_EXERCISE:_
Go through the listing below, and from the line containing "2014 ~ actress-samantha-ruth-prabhu-hot-photos-images-wallpapers" through its last line, transcribe every line exactly, skipping pictures.

_EXERCISE DATA:_
Start of Block

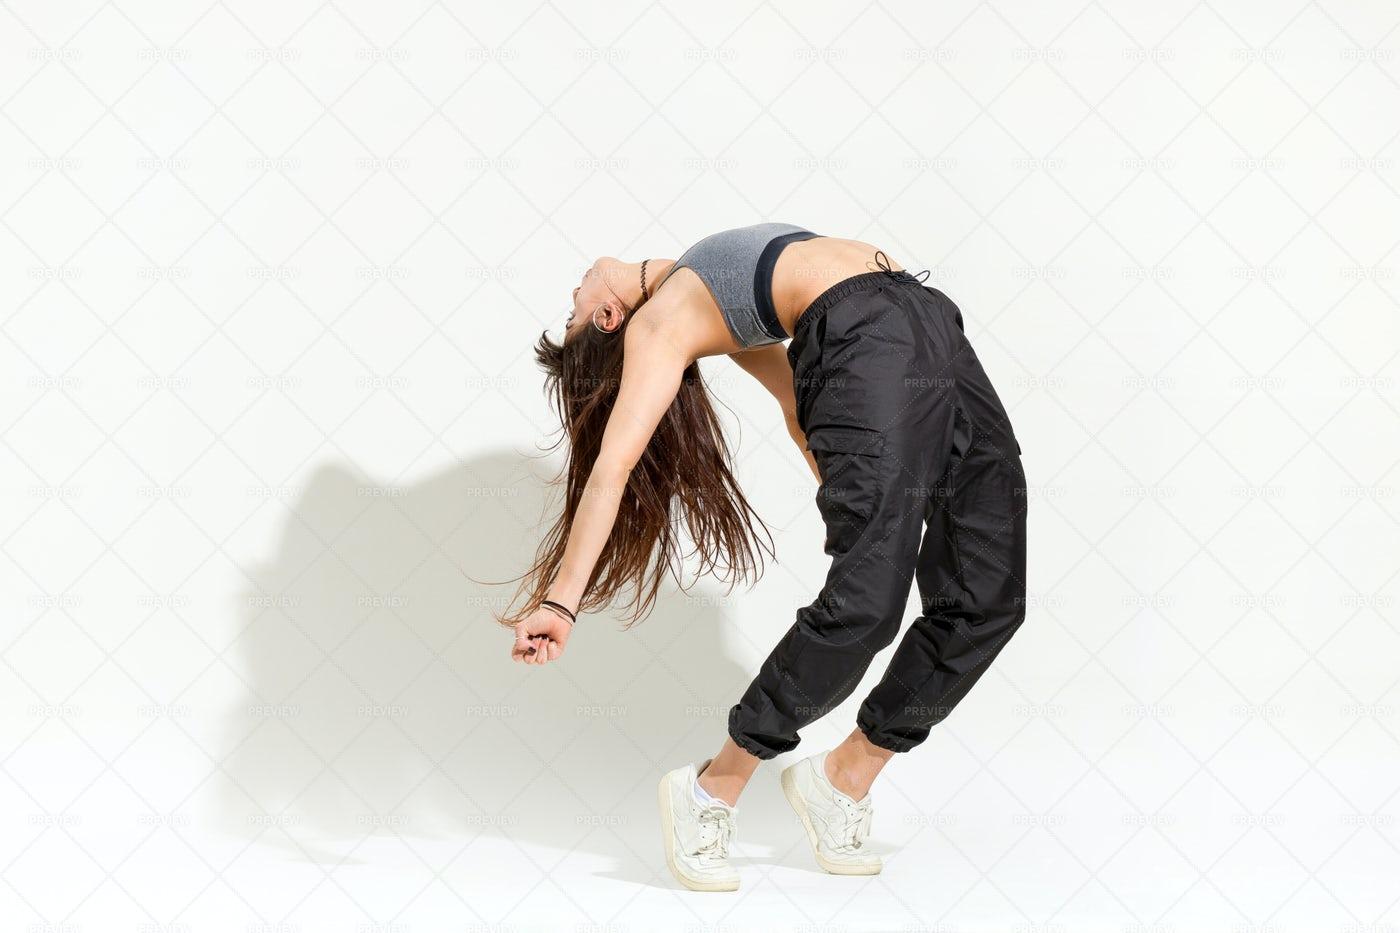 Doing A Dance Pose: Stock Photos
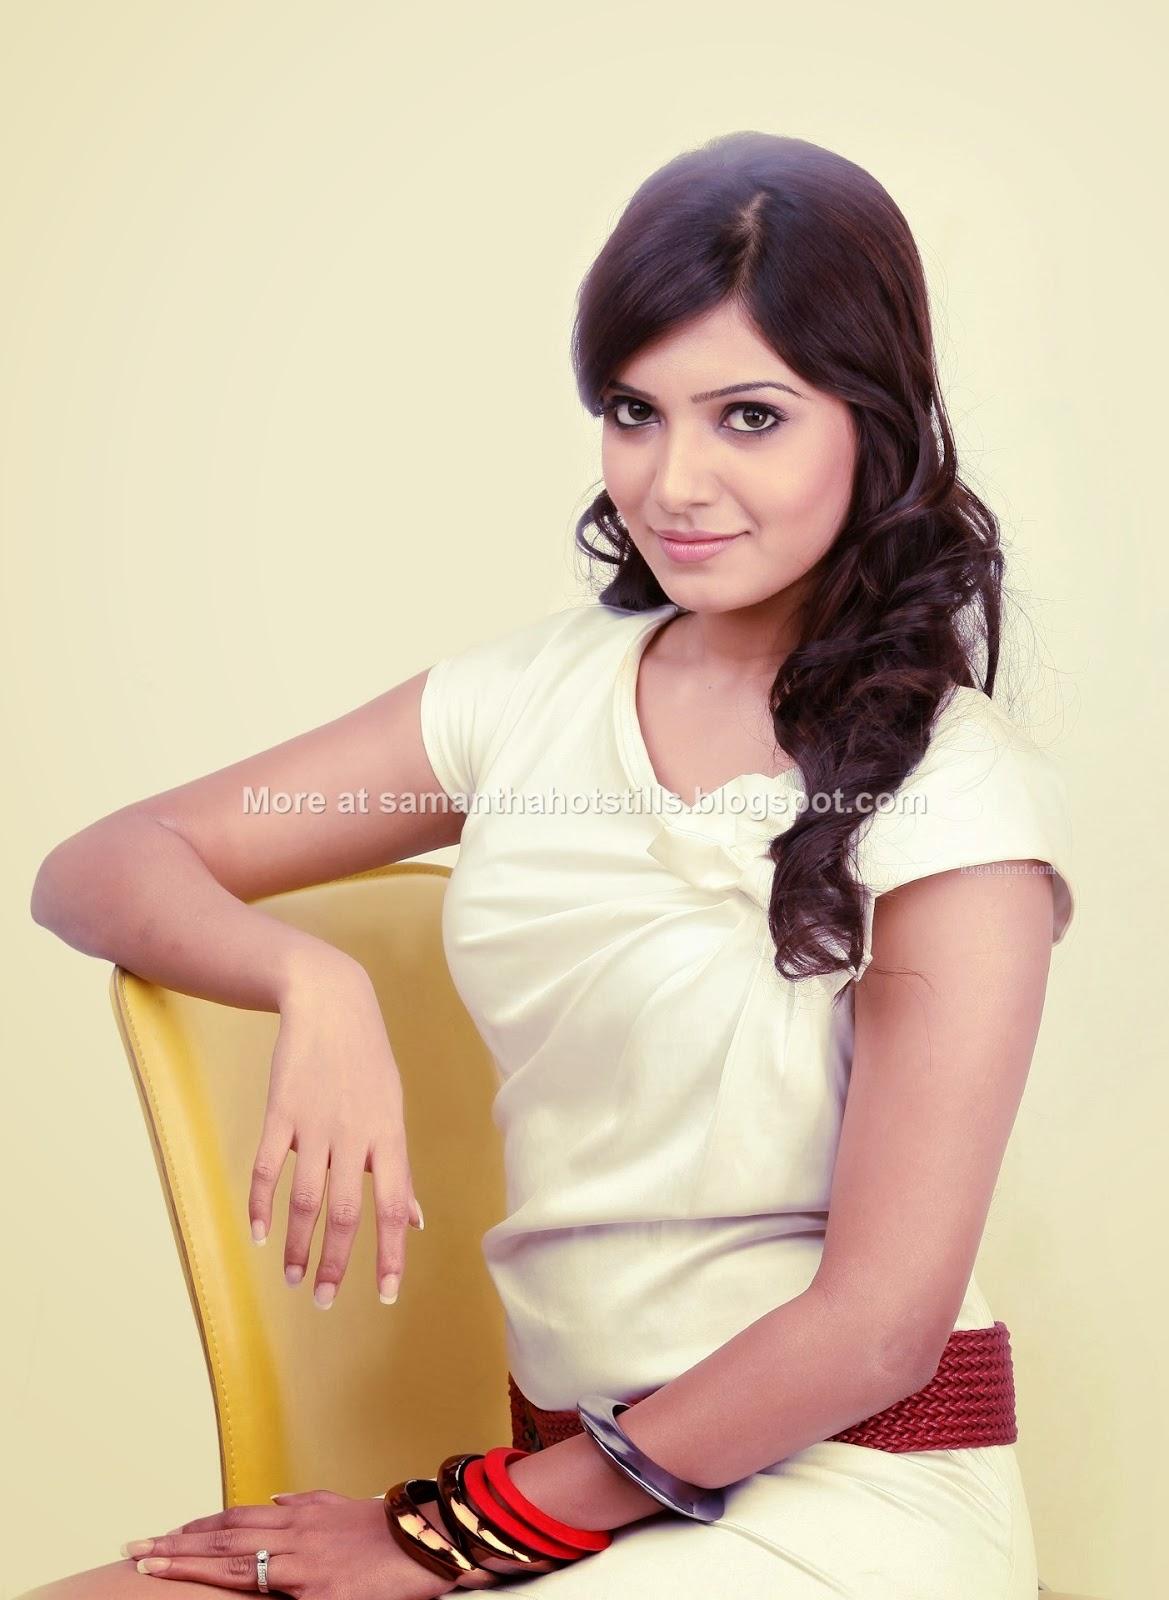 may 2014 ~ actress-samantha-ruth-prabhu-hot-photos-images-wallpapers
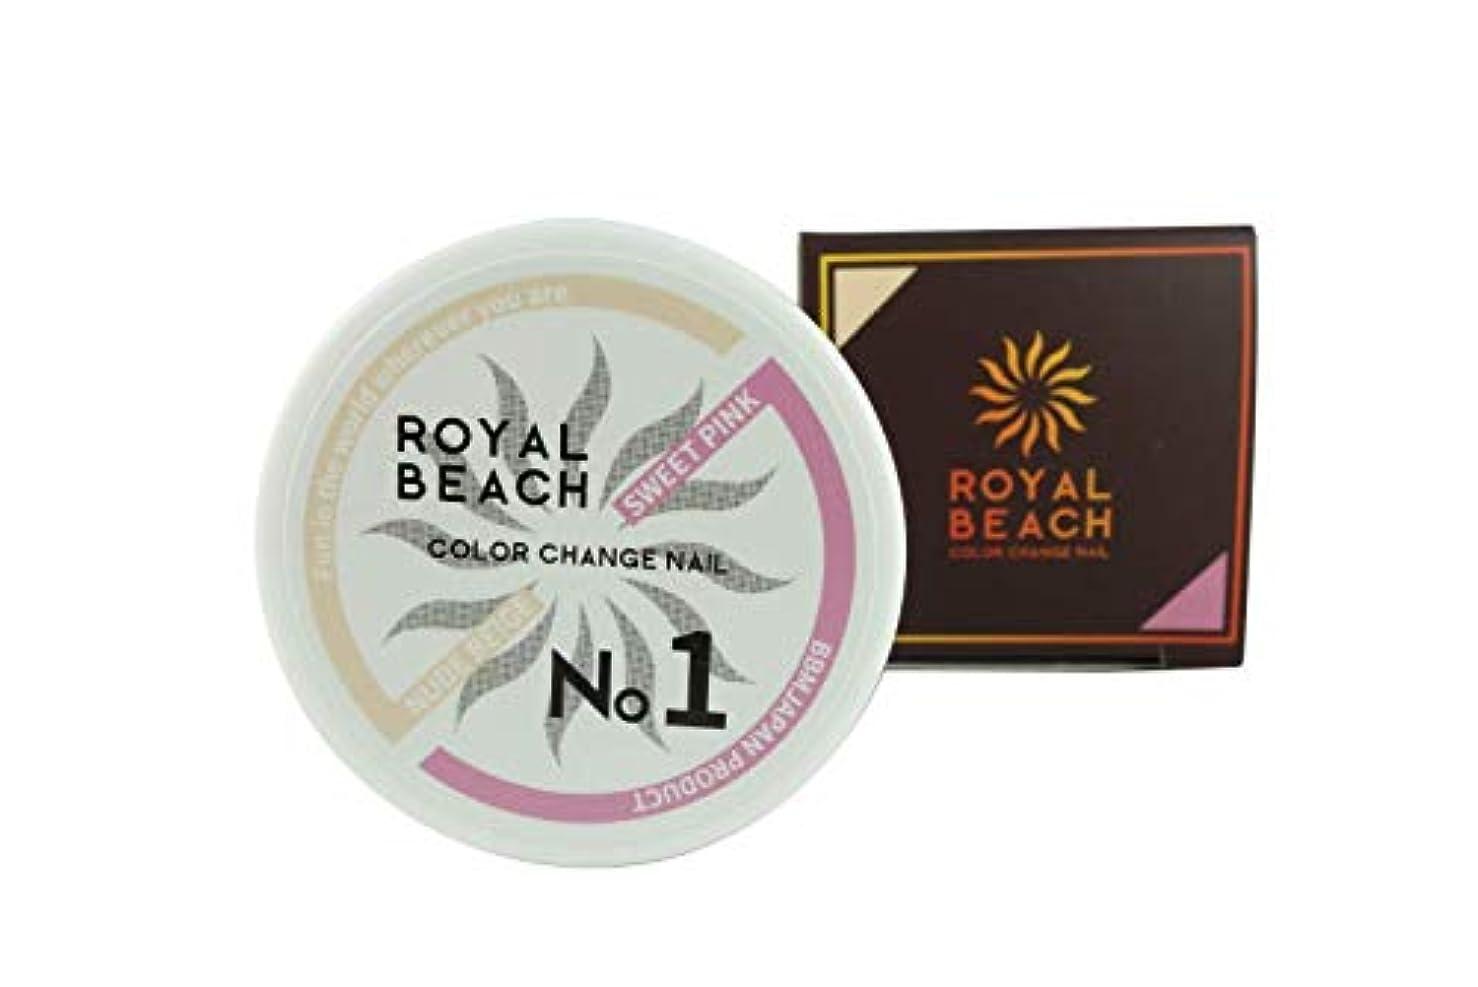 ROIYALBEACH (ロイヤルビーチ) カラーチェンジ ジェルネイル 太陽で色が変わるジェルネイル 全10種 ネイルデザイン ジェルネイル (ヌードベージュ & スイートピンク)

End of Block

_FINISHED EXERCISE:_
 may 2014 ~ actress-samantha-ruth-prabhu-hot-photos-images-wallpapers
 ROIYALBEACH (ロイヤルビーチ) カラーチェンジ ジェルネイル 太陽で色が変わるジェルネイル 全10種 ネイルデザイン ジェルネイル (ヌードベージュ & スイートピンク)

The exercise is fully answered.